The Shawn Michaels Story: Heartbreak & Triumph

 

Nome Completo: The Shawn Michaels Story: Heartbreak & Triumph

Data di rilascio: 27 Novembre 2007

Genere: Documentario

Cast: Shawn Michaels, Triple H, Chris Jericho, Mick Foley, Vince McMahon, Marty Jannetty, Sherri Martel, Pat Patterson, Arn Anderson, Ted DiBiase e altri.

Durata: 540 minuti

Paese di produzione: USA

Lingua: Inglese

Compagnia: World Wrestling Entertainment

Tipo: DVD

Recensione e commento

Lui è l’icona, lui è lo Showstopper, lui è il main eventer. Stiamo parlando di Shawn Michales, uno dei più grandi performer della storia della WWE, e probabilmente dell’intero wrestling business.

Heartbreak & Triumph percorre tutta la lunga carriera del ragazzo di San Antonio. Si parte proprio dalle sue origni, dall’infanzia alla passione giovanile per il wrestling, con tanto di aneddoti da parte di genitori e amici. Si prosegue con gli esordi nel sud-ovest degli U.S.A, ma è con il ritratto dei Rockers che il prodotto entra nel vivo. In principio nella AWA di Verne Gagne, e dopo nella WWE, Shawn Michaels e Marty Jannetty formeranno uno dei tag team più amati dai fan, nonché tra i più spettacolari della categoria. 

Il nostro protagonista si da quindi alle competizioni singole, e come si suol dire, il resto è storia: la conquista del titolo intercontinentale, il leggendario ladder match contro Razor Ramon, le vittorie nella Royal Rumble, ed infine la consacrazione come campione mondiale a Wrestlemania 12.
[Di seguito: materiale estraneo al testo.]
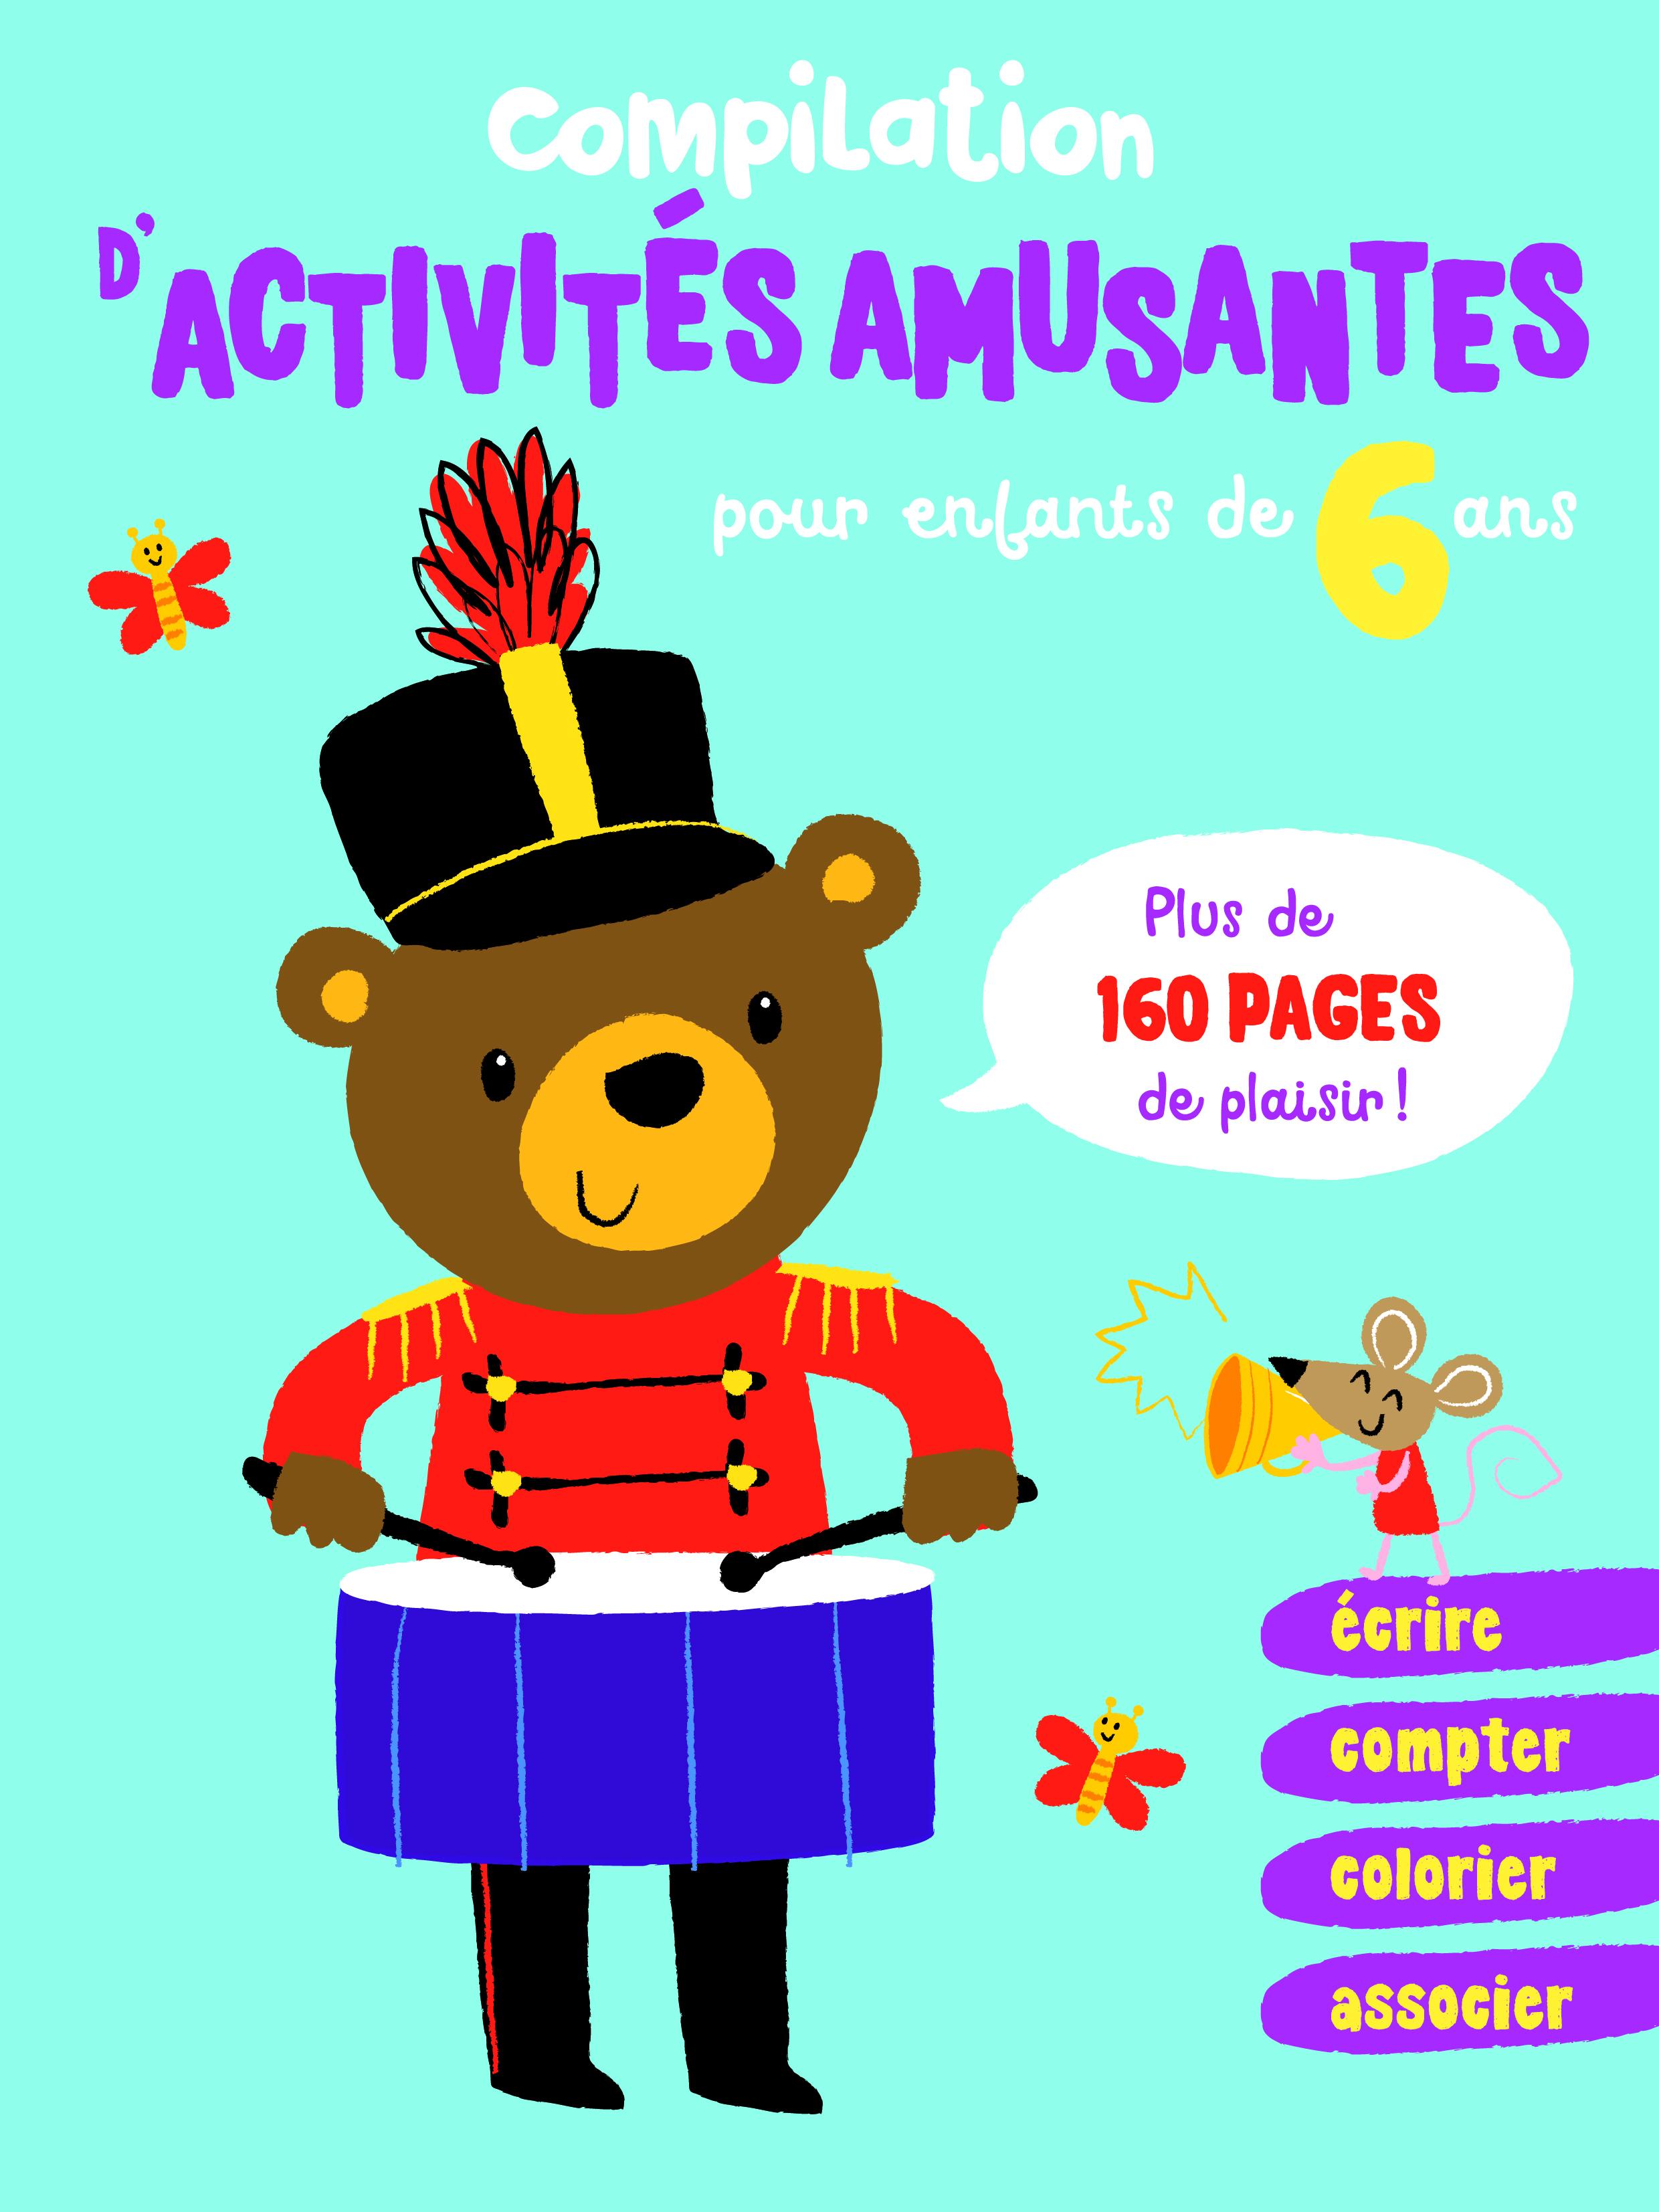 COMPILATION D'ACTIVITES AMUSANTES POUR ENFANTS DE 6 ANS
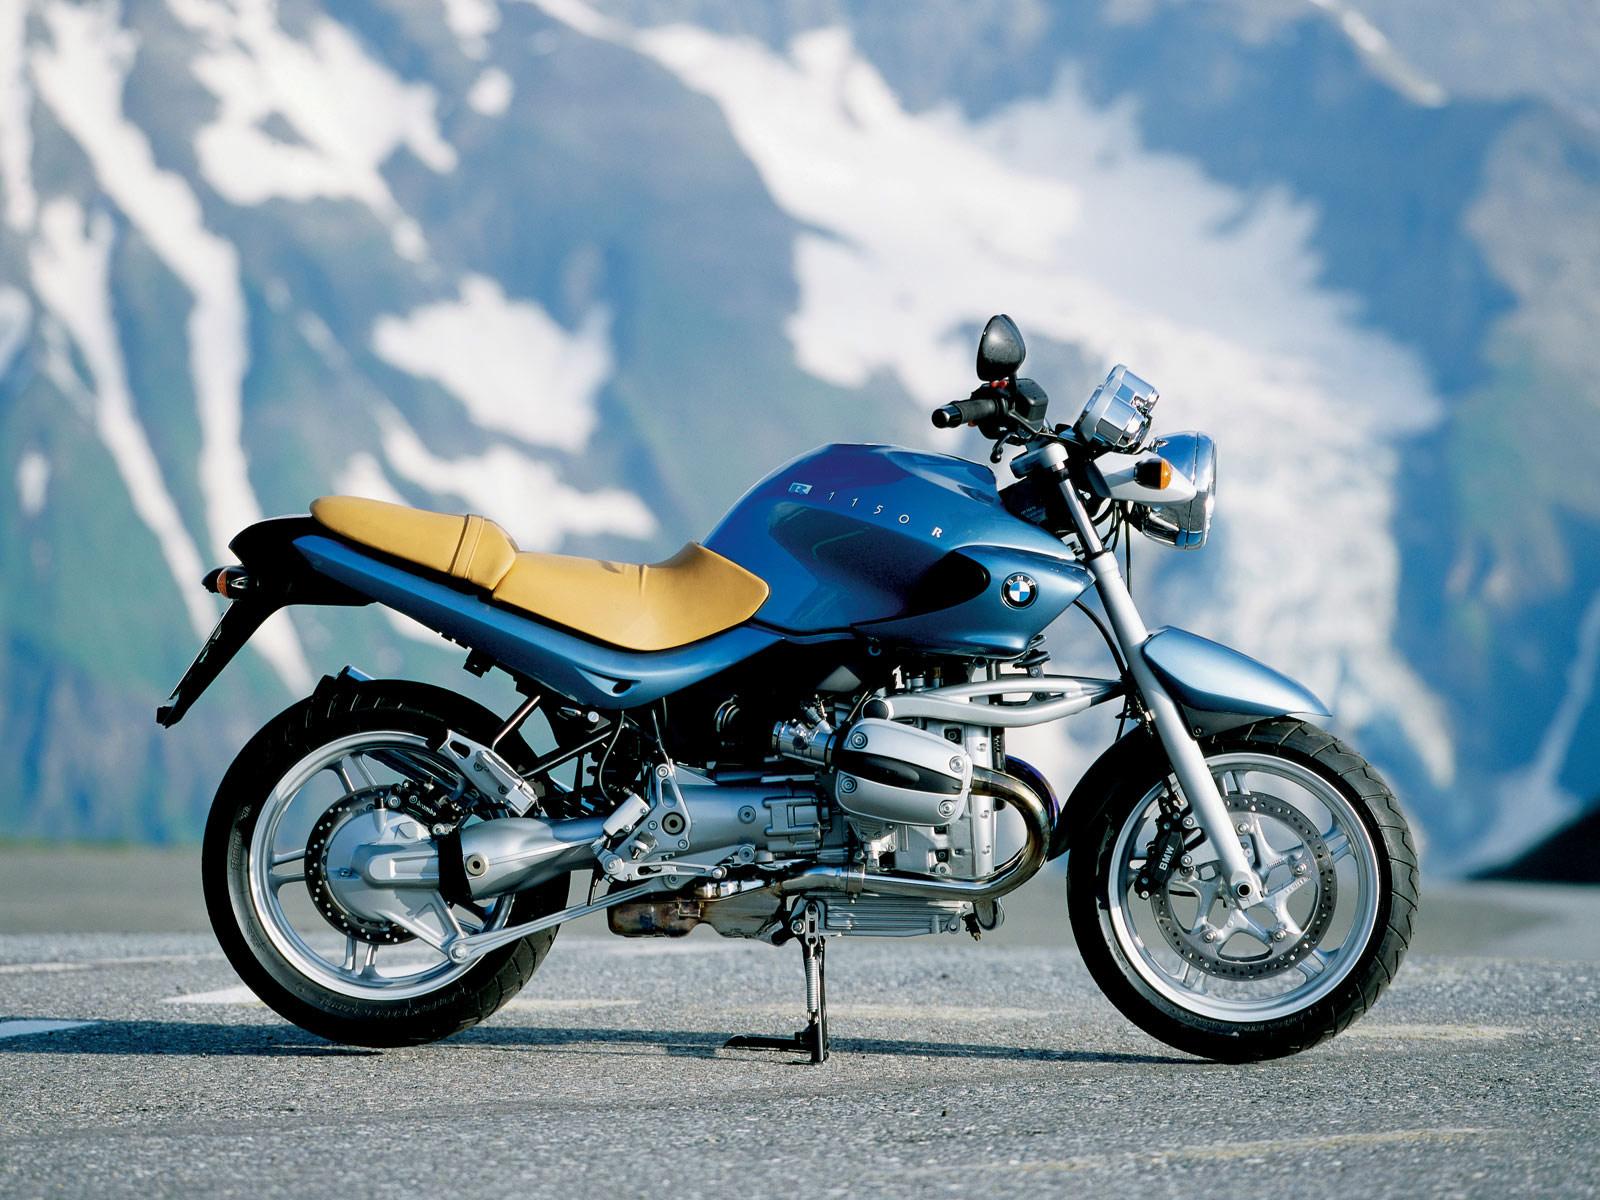 2000 bmw r1150r insurance info motorcycle desktop wallpaper. Black Bedroom Furniture Sets. Home Design Ideas

In questa prima parte dell’opera dedicata a HBK,abbiamo la diretta testimonianza di Jannetty, e dell’indimenticata Sherri Martel, che ci regala forse i momenti più emozionanti del DVD. Ci sono anche i contributi di Arn Anderson, Ted DiBiase, Pat Patterson, alle quali si affiancano gente alquanto fuori luogo in un contesto quale la WWE dei primi anni ’90 ( Jericho, Foley, Triple H), si sente la mancanza delle dichiarazioni degli altri membri della Kliq, su tutti Kevin Nash e Scott Hall, il primo impegnato a tempo pieno in TNA, ed il secondo non in ottimi rapporti con la federazione di McMahon.

Proseguendo con le immagini, risultano impedibili le sequenze riguardo alla nascita delle Degeneration X, la stable che diede il via all’era dell’Attitude, e ovviamente quelle sullo Screwjob di Montreal, senza ombra di dubbio l’episodio più famoso della storia del wrestling. Com’era facile immaginare, il comportamento che Shawn mantenne in quell’occasione viene difeso con fare quasi partigianesco dagli addetti ai lavori, che esaltano la sua professionalità e la cieca fedeltà dimostrata alla compagnia.

Il filmato non lesina un tocco autobiografico, poichè offre una sommaria descrizione della vita privata dello Showstopper, i riferimenti alla sua condotta sregolata dentro e fuori dal ring durante i primi anni di carriera, il matrimonio, la paternità e la ritrovata fede in Dio.

A far da contenuti speciali, abbiamo a disposizione una vasta gamma di incontri che spaziano dal periodo AWA fino ai giorni nostri. Sebbene sia stata sicuramente un’ardua impresa stilare un ristretto elenco delle performance di Michaels, considerati i suoi altissimi standard sul ring, non possiamo fare a meno di mostrare un pizzico di delusione quando prendiamo atto della mancanza di alcuni classici, come ad esempio il già citato ladder match di Wrestlemania 10, l’Hell in a cell contro The Undertaker, l’Ironman con Bret Hart, o lo Street Fight di Summerlam 2002 contro Triple H; in compenso, i due dischi bonus offrono alcune perle più rare, ci riferiamo all’incontro con Jeff Jarrett di In Your House 2, ed anche a quello più recente contro John Cena disputato lo scorso aprile in Inghilterra.

Forse oscurato dalle contemporanee uscite dedicate a Rey Mysterio e John Cena, il DVD in questione si rivela un prodotto completo e accurato. Impedibile per tutti i fan di Michaels e vivamente consigliato agli altri appassiaonti, Heartbreak & Triumph balza aglii occhi per l’abilità nel sottolineare i momenti chiave della carriera di HBK, offrendo in tal modo non sono un’ottima analisi del wrestler, ma un memorabile ritratto di ciò che egli ha rappresentato nella firmamento dello sport entertainment.